■ **PROMPT**
Within the entries below, please return exactly the lines from the one with "Le Château de" through the one with "2010年02月江苏省工商注册企业名录(5588家)3", leaving out any pictures.

■ **AVAILABLE DATA**

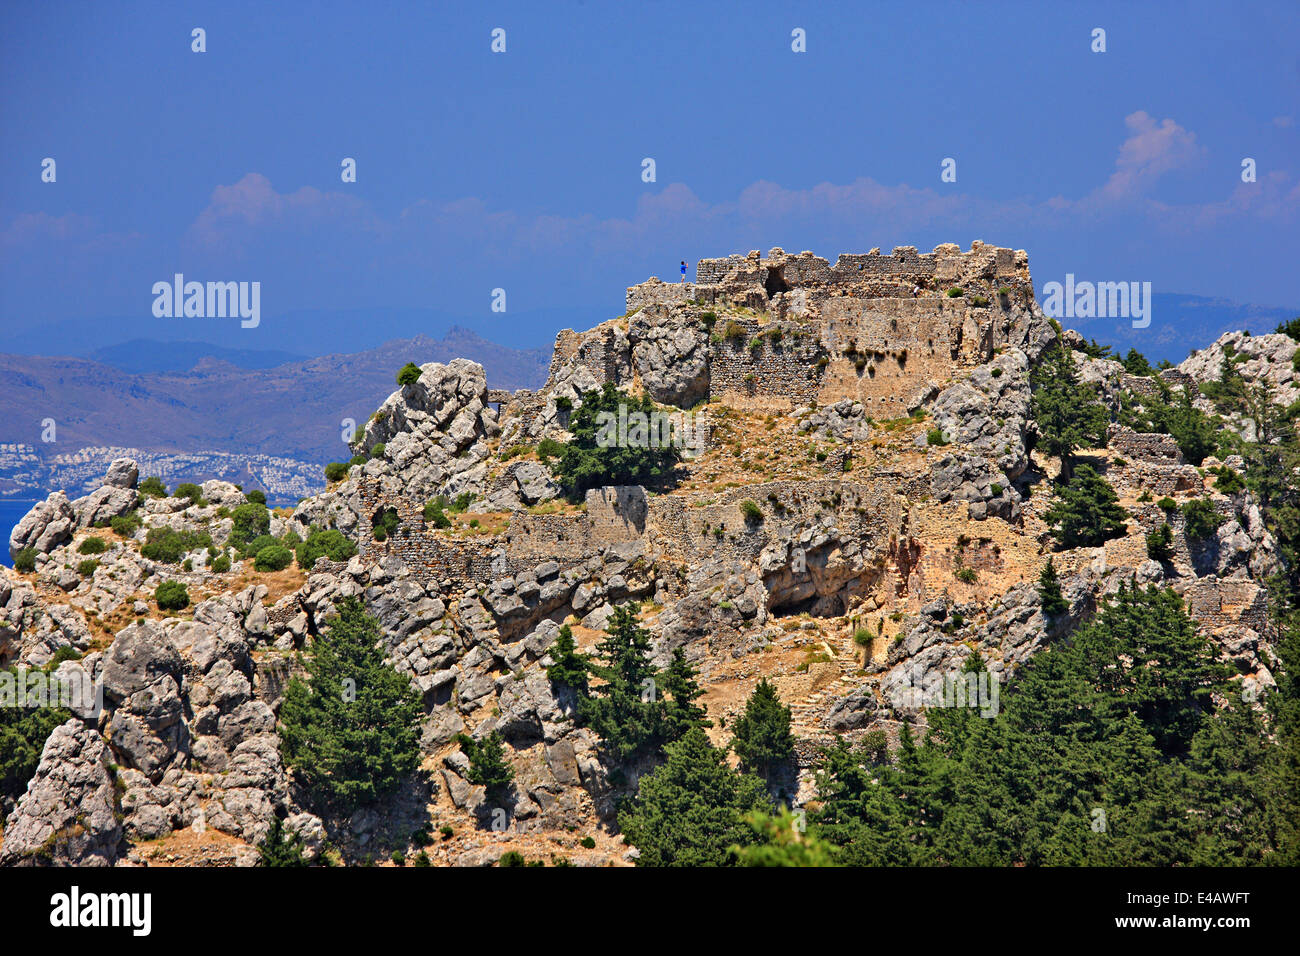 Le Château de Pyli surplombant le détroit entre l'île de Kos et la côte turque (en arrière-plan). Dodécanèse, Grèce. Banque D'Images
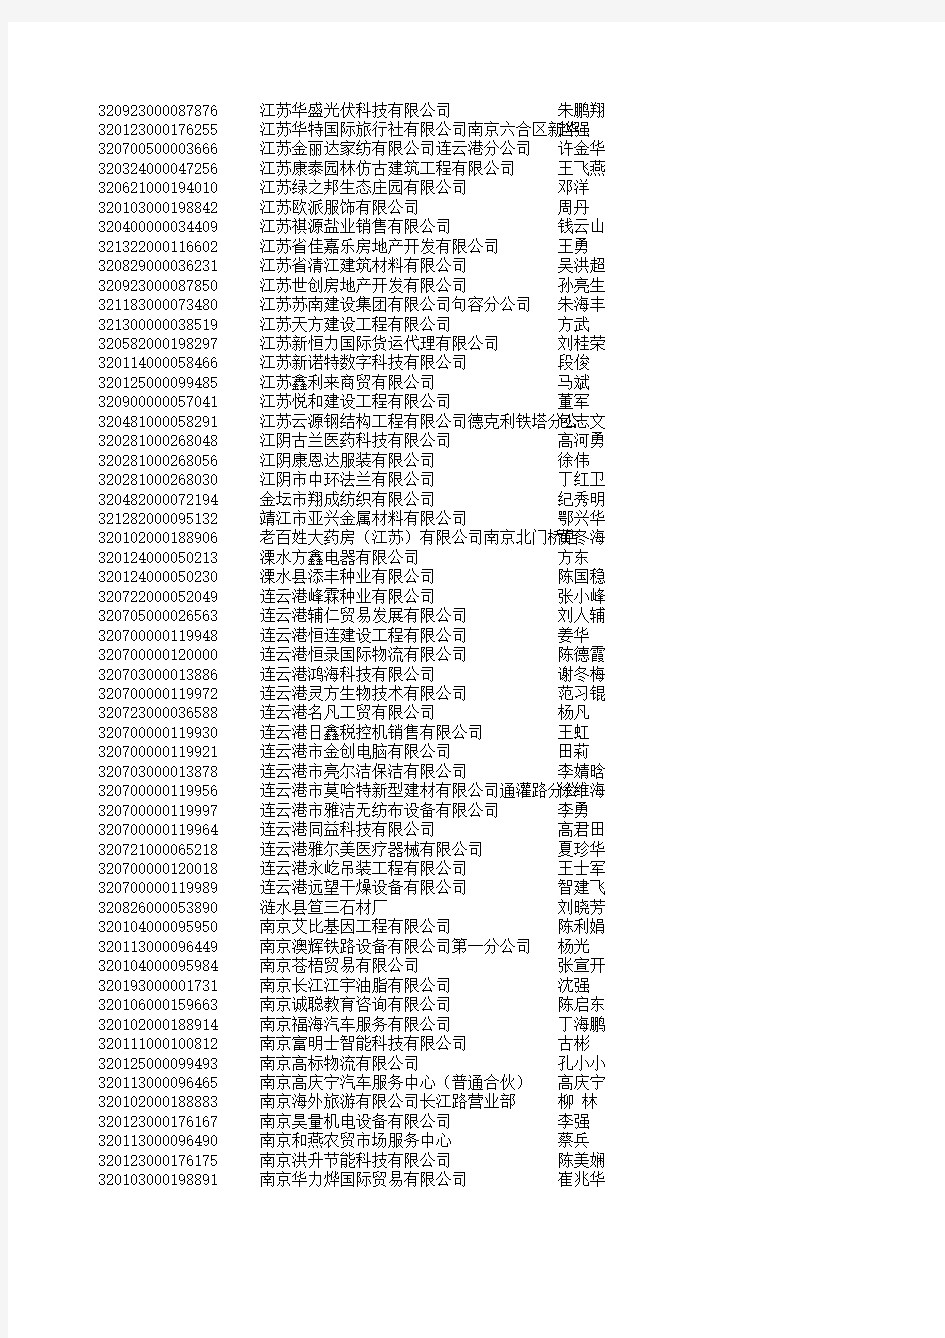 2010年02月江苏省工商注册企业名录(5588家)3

...

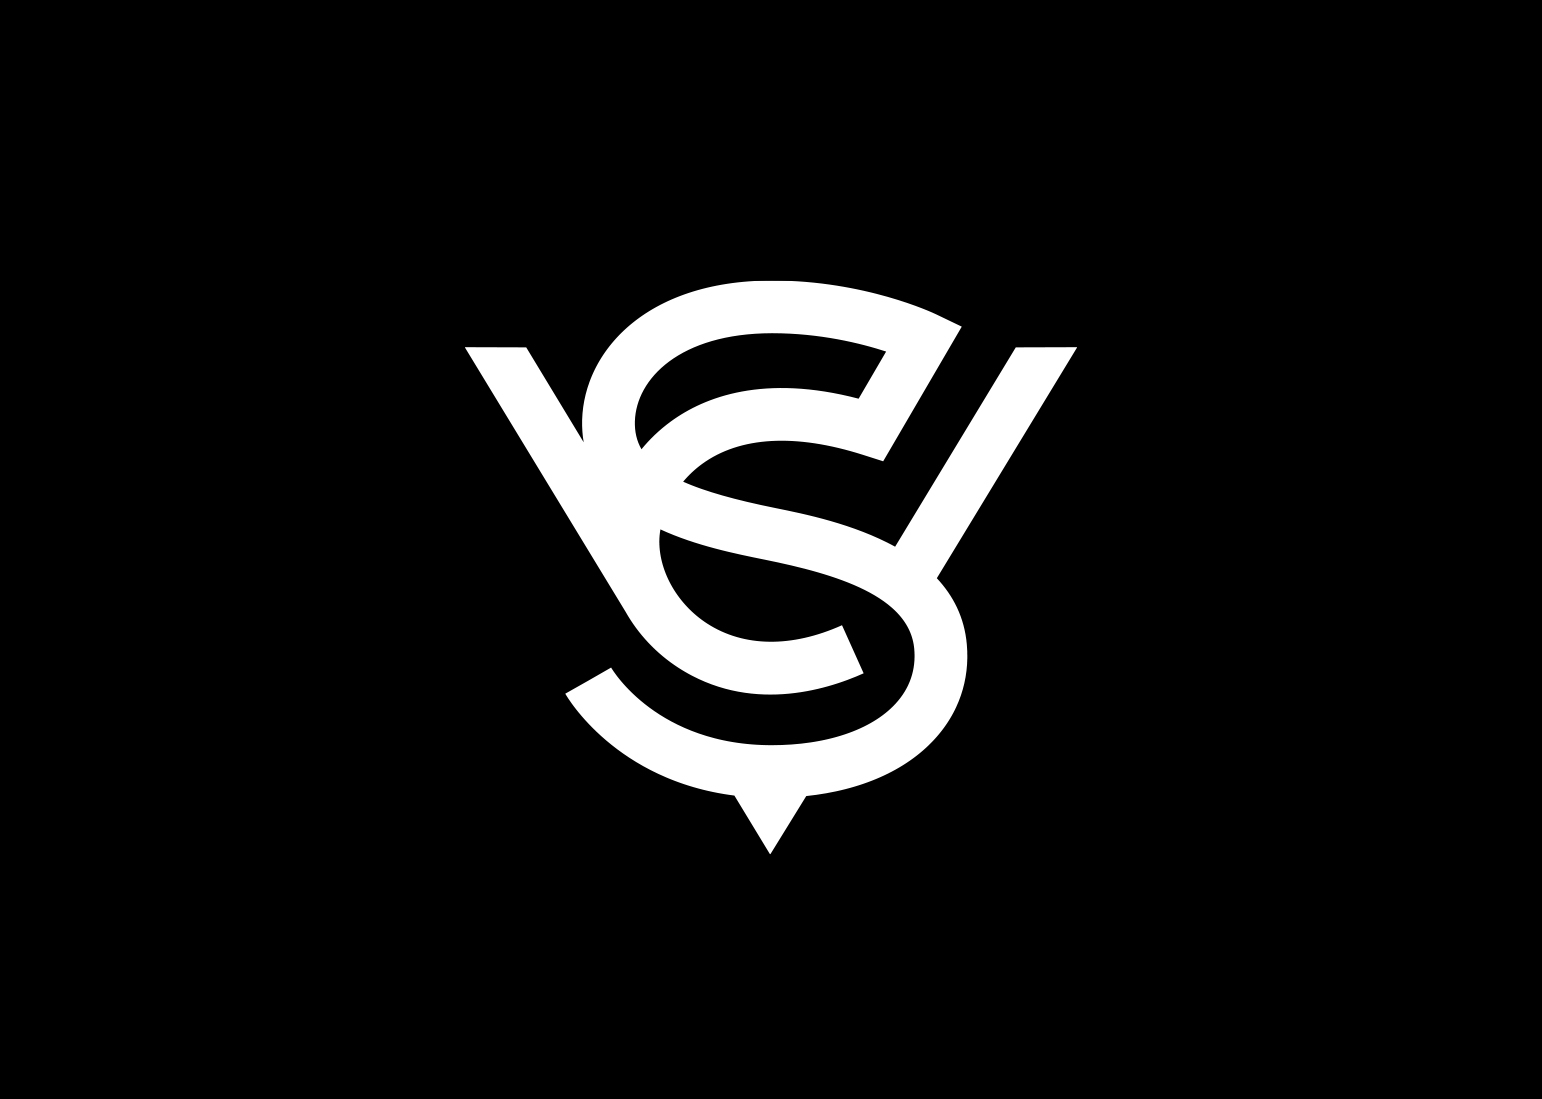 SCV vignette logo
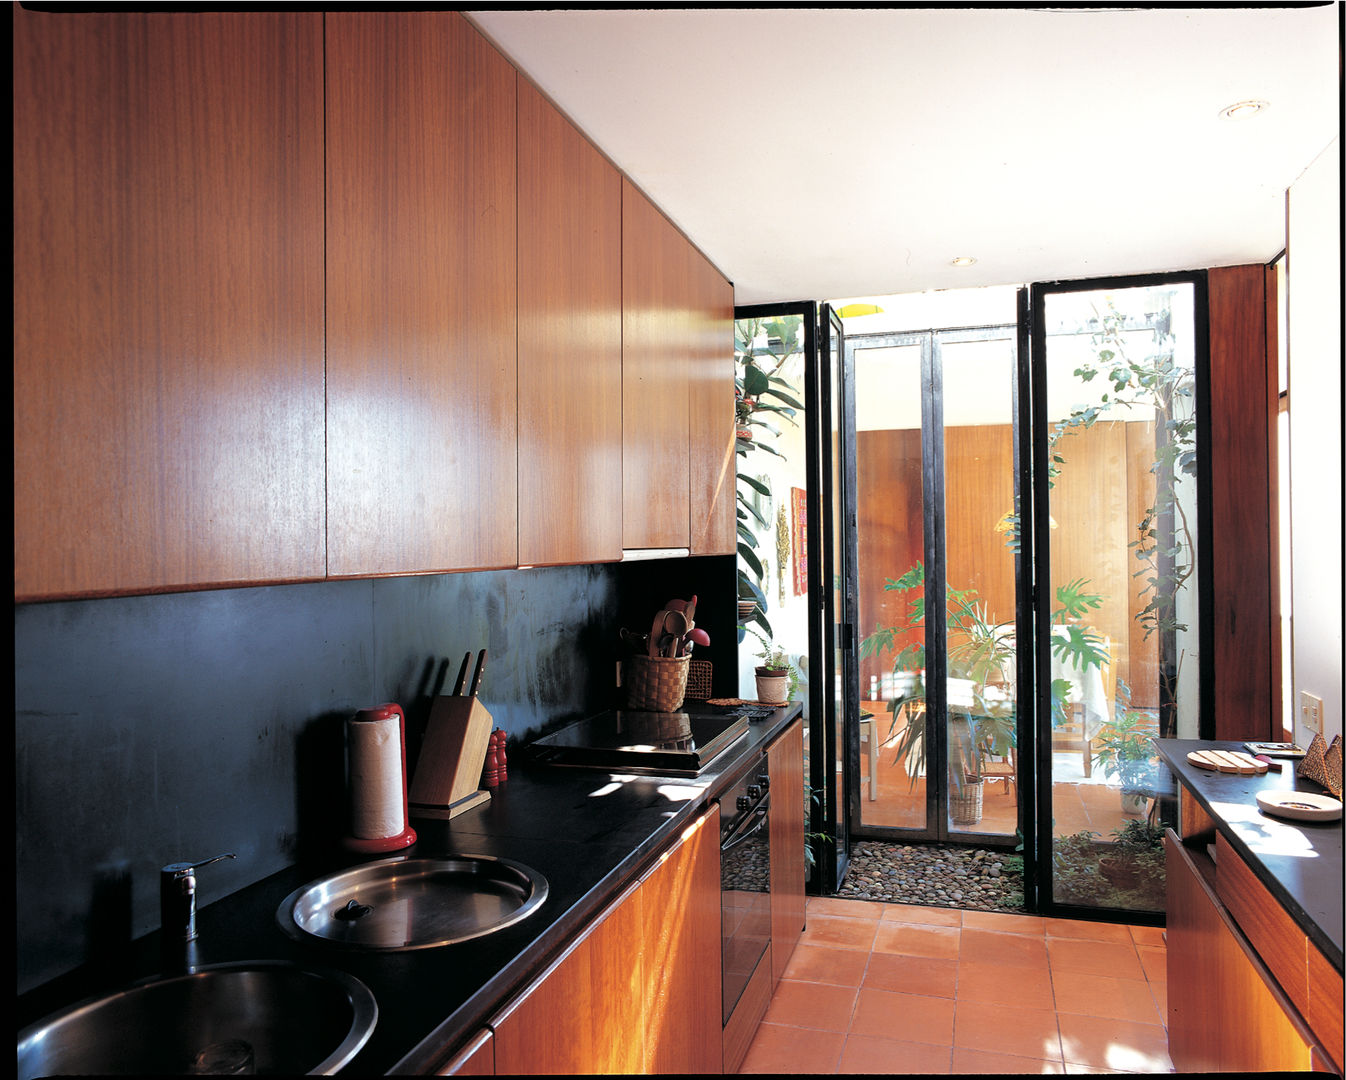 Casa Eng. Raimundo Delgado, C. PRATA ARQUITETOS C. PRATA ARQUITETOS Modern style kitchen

■ **ANSWER FOR THIS EXERCISE**
 Le Château de Pyli surplombant le détroit entre l'île de Kos et la côte turque (en arrière-plan). Dodécanèse, Grèce. Banque D'Images
 2010年02月江苏省工商注册企业名录(5588家)3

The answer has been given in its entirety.